On 2009-12-01, Bud wrote:
Thanks for all the suggestions!!

I'm drilling all the way through since one end of the spacer has a
well formed concave dimple which makes a perfect starting point for
the drill bit. (the other end does not) The vertical slit in my drill
press vise hold these spacers very well:

[IMG]http://i530.photobucket.com/albums/dd350/davefr_98/
geartrainrepair005.jpg[/IMG]

So you are not using a lathe to center drill the workpieces.

And this suggests that you are starting with already formed
workpieces, so you have no idea what alloy of aluminum it is.

What RPM are you using on the drill press? And what is the
fastest you can get it to run?

As for controlling the feed -- with that small a drill, you need
a sensitive adapter, which MSC has under part number 08597809, and a
matching 1/8" Albrecht chuck (MSC part number 08591034), but that adds
up to being a lot more expensive than they were when I got mine.

O.K. Here is one with a keyed chuck, completely assembled, for
$197.16 (MSC part number 01136514)

I can't find any on eBay at the moment -- sometimes they have
very affordable versions.

But it is gripped in a 1/2" drill chuck (or a milling machine
collet), and while it is spinning, you grip the flange/disc with your
hand and pull down. The flange is mounted to the spindle by a ball
bearing assembly, and a spring pulls the whole assembly up when you are
not pulling it down. It allows fine control of the feed, and the
Albrecht chuck allows holding bits down to the smallest that I have, the
#80,

What it doesn't do is to provide a speed high enough to be
reasonable for that small a drill bit. Even going with the 0.060"
diameter for a clearance hole, if you can get up to 2000 RPM, that is
still only about 31 SFM -- way slow for aluminum with a HSS drill bit.
You might look into the drill stand for a Dremel, which would give you a
high enough RPM, and very fine feed -- but you will need a smaller work
holder on that tiny table.

You don't mention what other tools you have. We know now that
you have a drill press (though we don't know the speeds which it can
accomplish, we do know that it can hold a 1/2" drill bit, so it probably
does not go very fast even at its fastest.

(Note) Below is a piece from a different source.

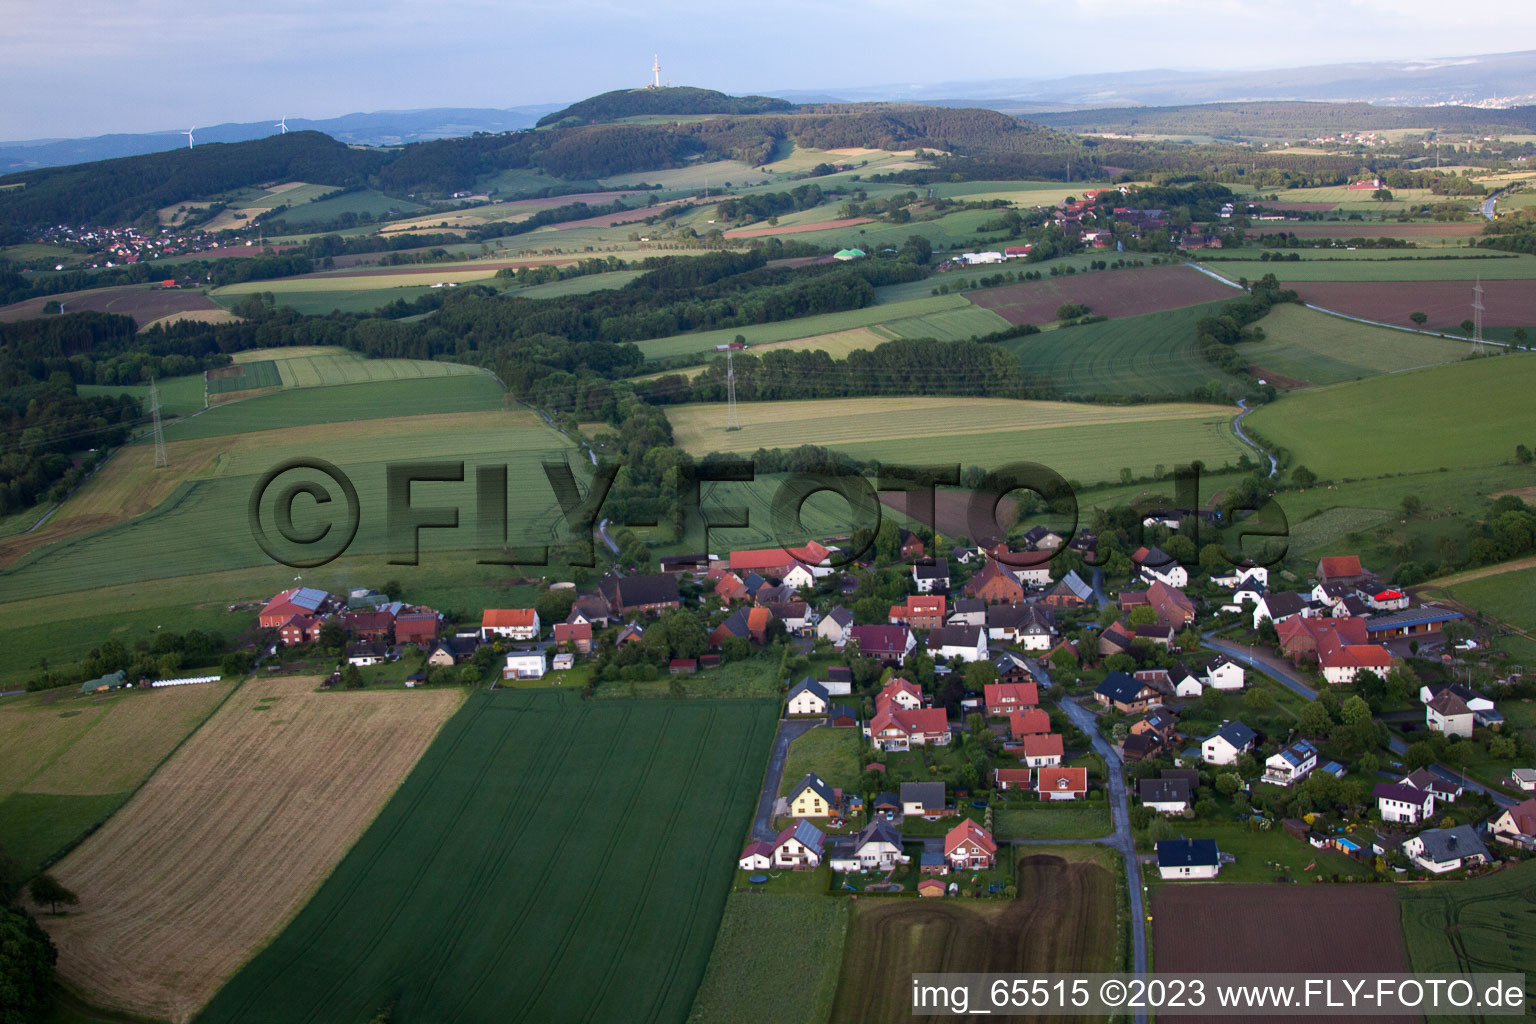 Oblique view of Niese in the state North Rhine-Westphalia, Germany

Do you have a lathe? A small one (e.g. Unimat, Sherline, Taig)
would be much better for the drilling and for starting the tap at least.

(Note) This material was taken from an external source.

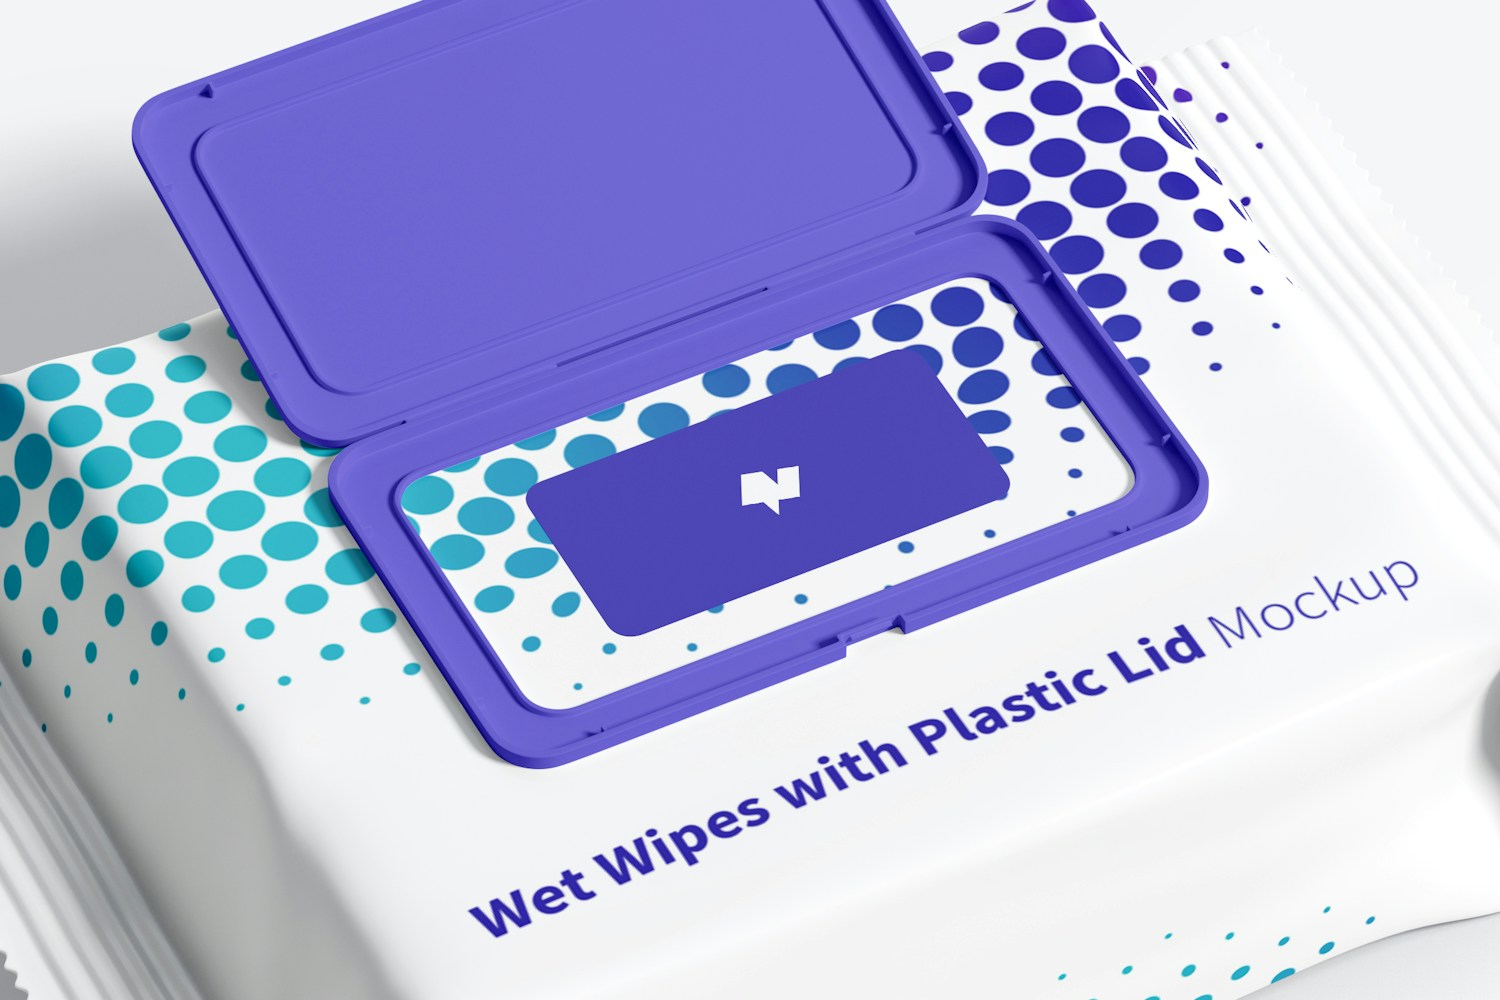 Wet Wipes Large Packaging with Plastic Lid Mockup, Top View

However I'm taping from each end since the cutting end of the tap
isn't quite long enough:

[IMG]http://i530.photobucket.com/albums/dd350/davefr_98/
geartrainrepair006.jpg[/IMG]

As I felt.

I only care about enough thread on each end to accomodate 1/8" machine
screws. I'm not sure my spiral point tap get an opportunity to eject
chips into the remaining hole before I have to reverse direction. (I
think tap stress and chip fragments causes the tap to break).

With a hard alloy, such as 6061-T6 aluminum, the spiral point
should chase the chips ahead of the tip without binding, and you only
have to reverse the tap to remove it. However, with a soft aluminum
alloy, you will get stringy chips which will almost certainly bundle up
into a mess.

The machine screws have to have a low profile binding head since the
spacers originally had rivet style peened ends that get ground off.

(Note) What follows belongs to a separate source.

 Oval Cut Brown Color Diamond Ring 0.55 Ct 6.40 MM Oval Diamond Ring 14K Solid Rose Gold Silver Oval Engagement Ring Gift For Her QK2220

And if they were designed to be riveted, they are almost
certainly a soft gummy alloy, not a good machinable alloy like the
6061-T6 which I suggested.

I ordered a thread forming tap and #54 bit from MSC. I definately
want to get a little more bit to tap clearance and bit strength even
if I have to sacrifice some screw holding power.

O.K. I see that _Machinery's Handbook_ suggests the #54 bit for
55% thread (the loosest that they suggest).

At least a thread forming tap should be the better choice for
the material which you apparently are stuck with -- as long as you have
a way to guide it into the workpiece on center.

Good Luck,
DoN.

--
Email: | Voice (all times): (703) 938-4564
(too) near Washington D.C. | http://www.d-and-d.com/dnichols/DoN.html
--- Black Holes are where God is dividing by zero ---

--What are you using for a lubricant?

--
"Steamboat Ed" Haas : Currently broke and
Hacking the Trailing Edge! : looking for a job...
www.nmpproducts.com
---Decks a-wash in a sea of words---

Bud writes:

I've never used forming taps. Do they work well?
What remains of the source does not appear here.